::: Records provided :::

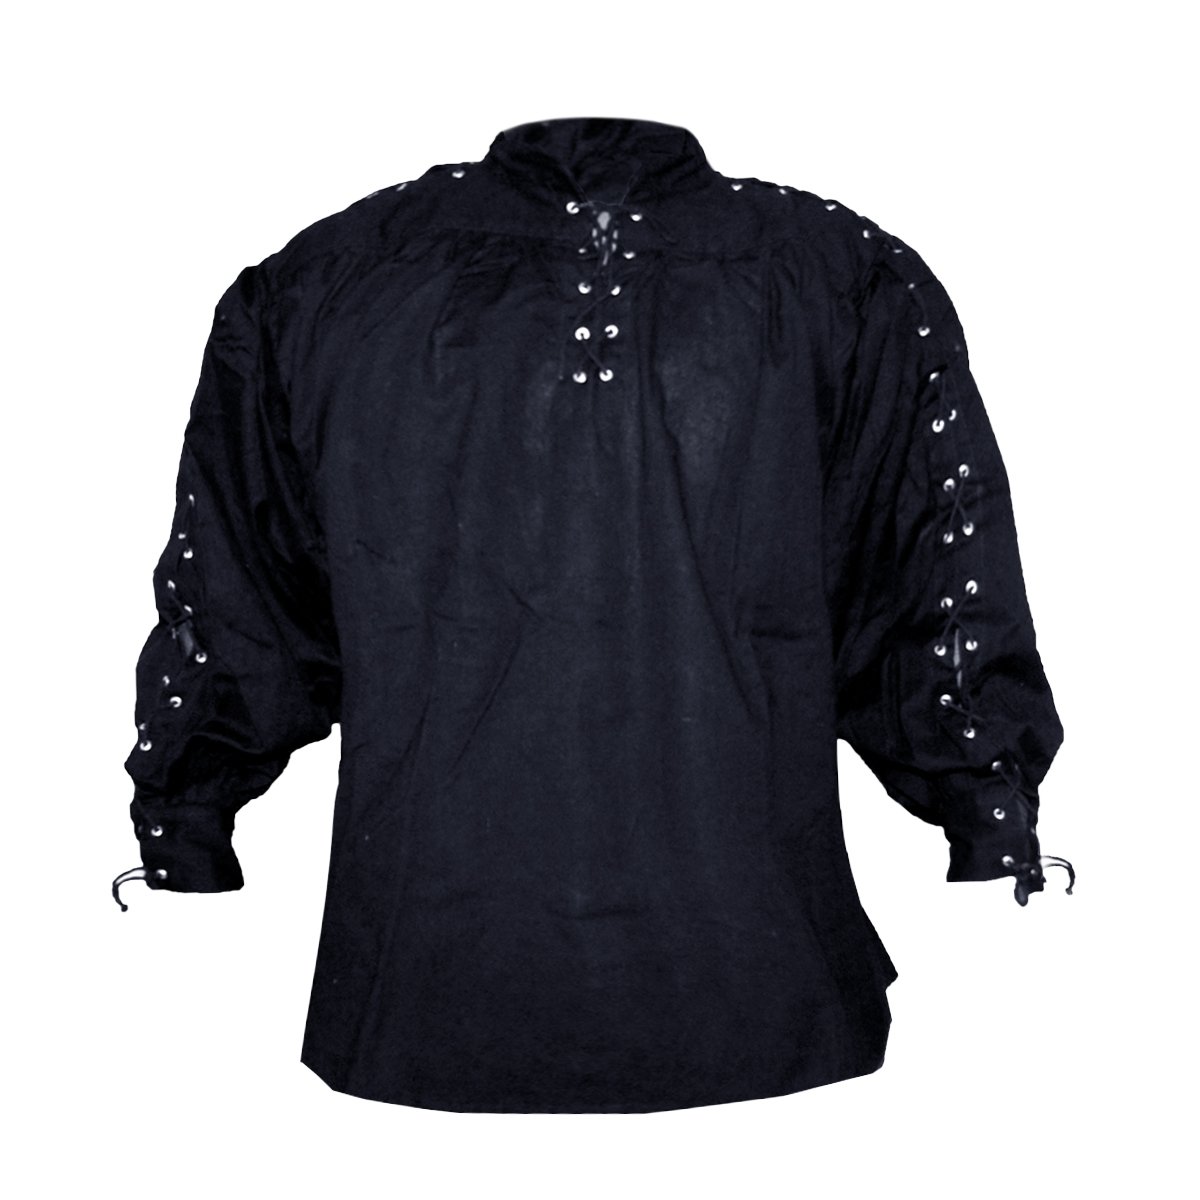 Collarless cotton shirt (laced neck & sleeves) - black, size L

:::
::: Records provided :::

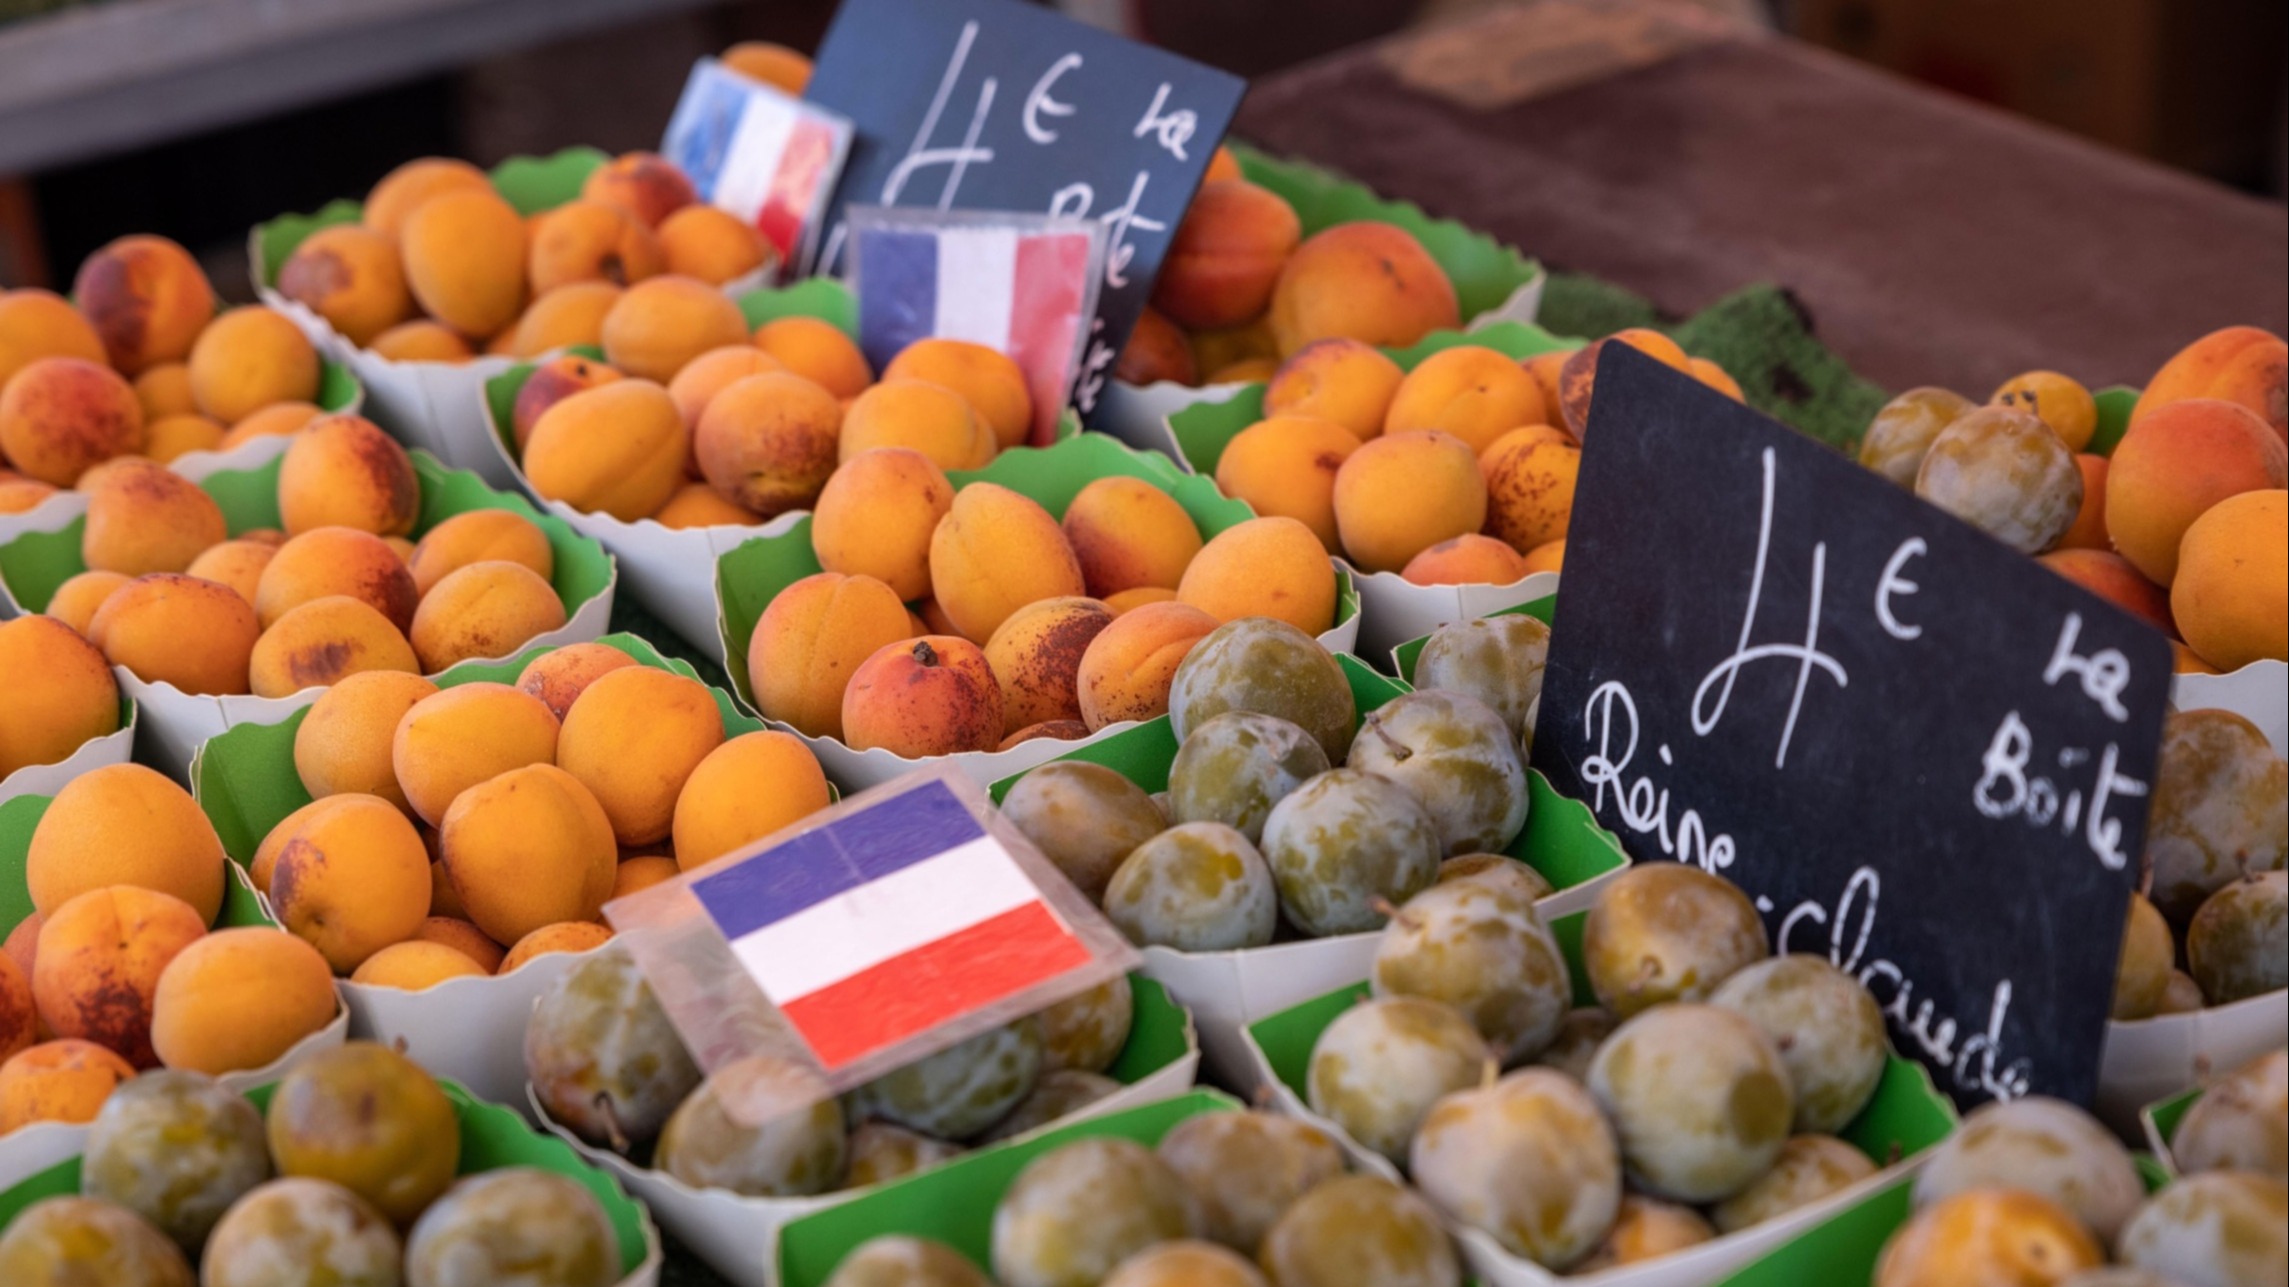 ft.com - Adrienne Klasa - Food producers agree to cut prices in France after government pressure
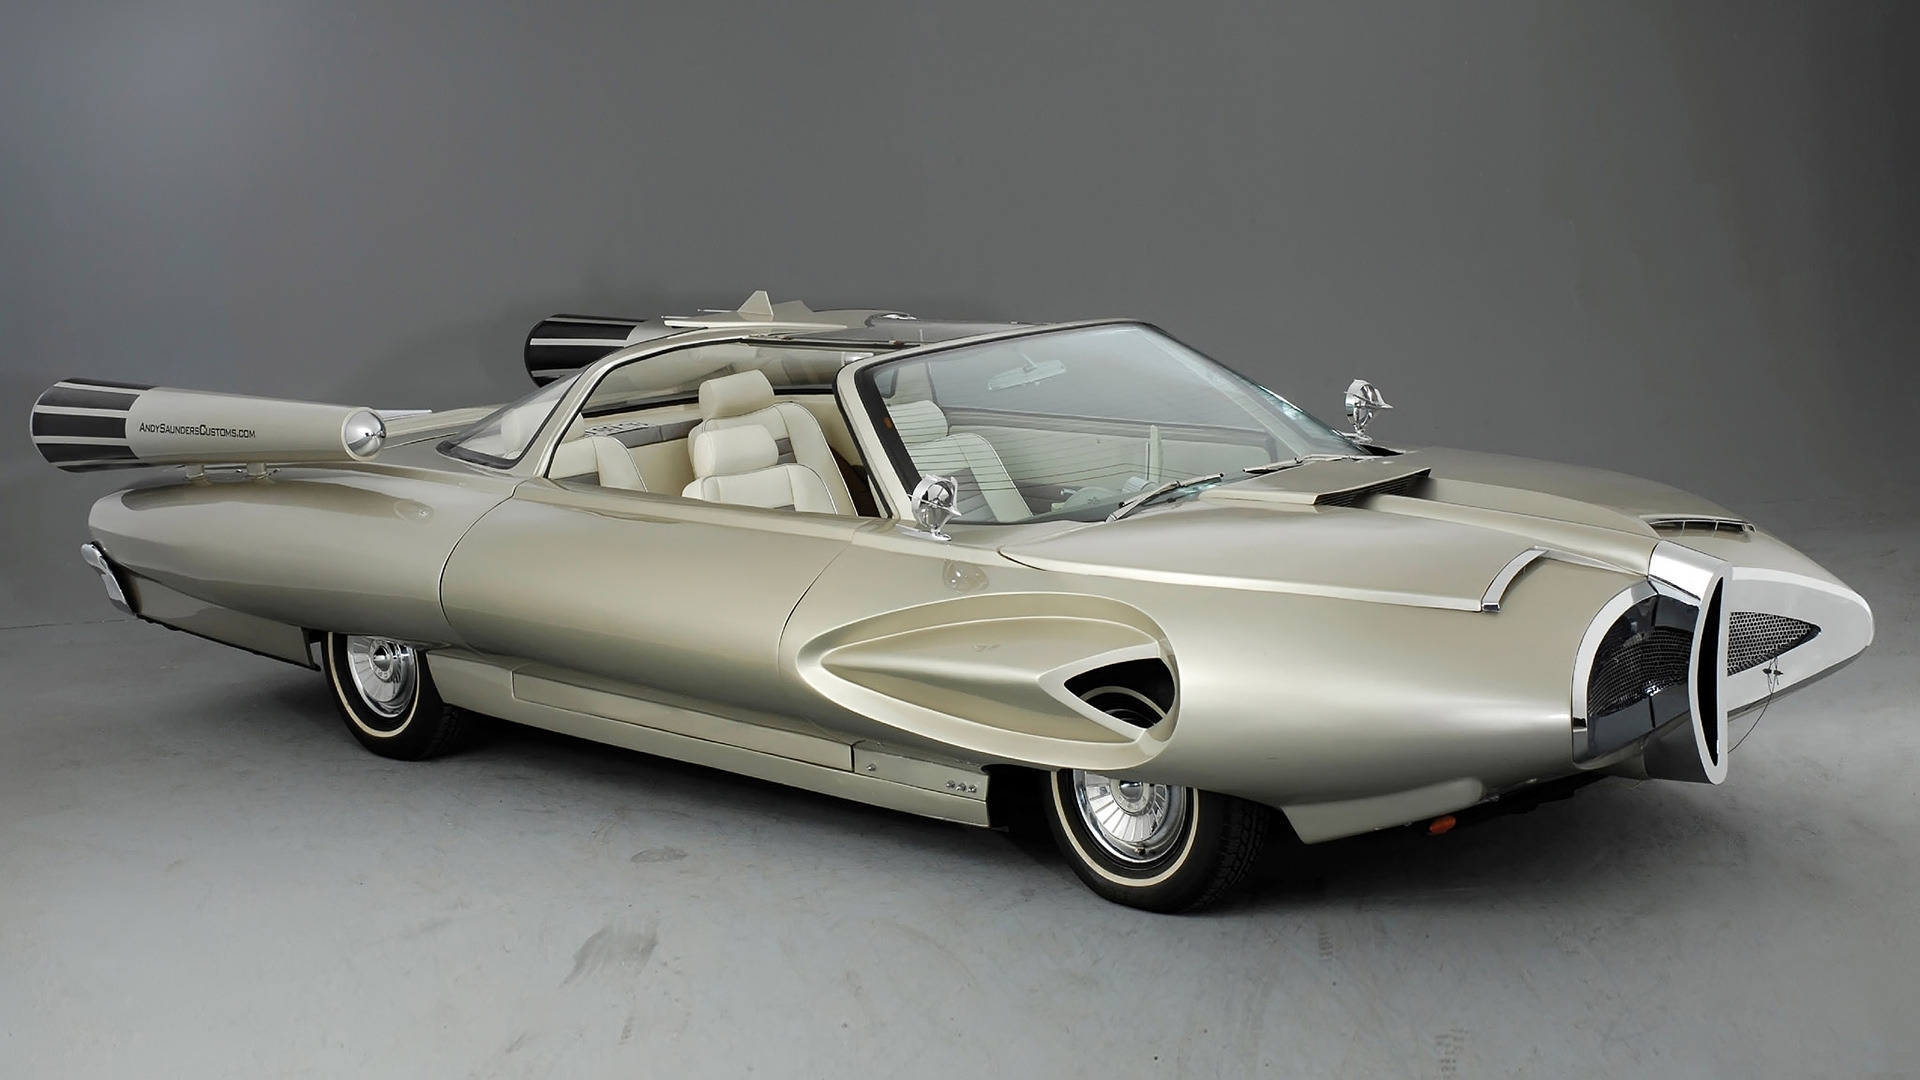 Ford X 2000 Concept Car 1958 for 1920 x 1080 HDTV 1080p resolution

:::

What is being asked —
Among the records above, locate the line containing "ft.com - Adrienne" and the line containing "Ford X 2000", then transcribe exactly the lines starting at the first and ending at the second, with no pictures.

Output —
 ft.com - Adrienne Klasa - Food producers agree to cut prices in France after government pressure
 Ford X 2000 Concept Car 1958 for 1920 x 1080 HDTV 1080p resolution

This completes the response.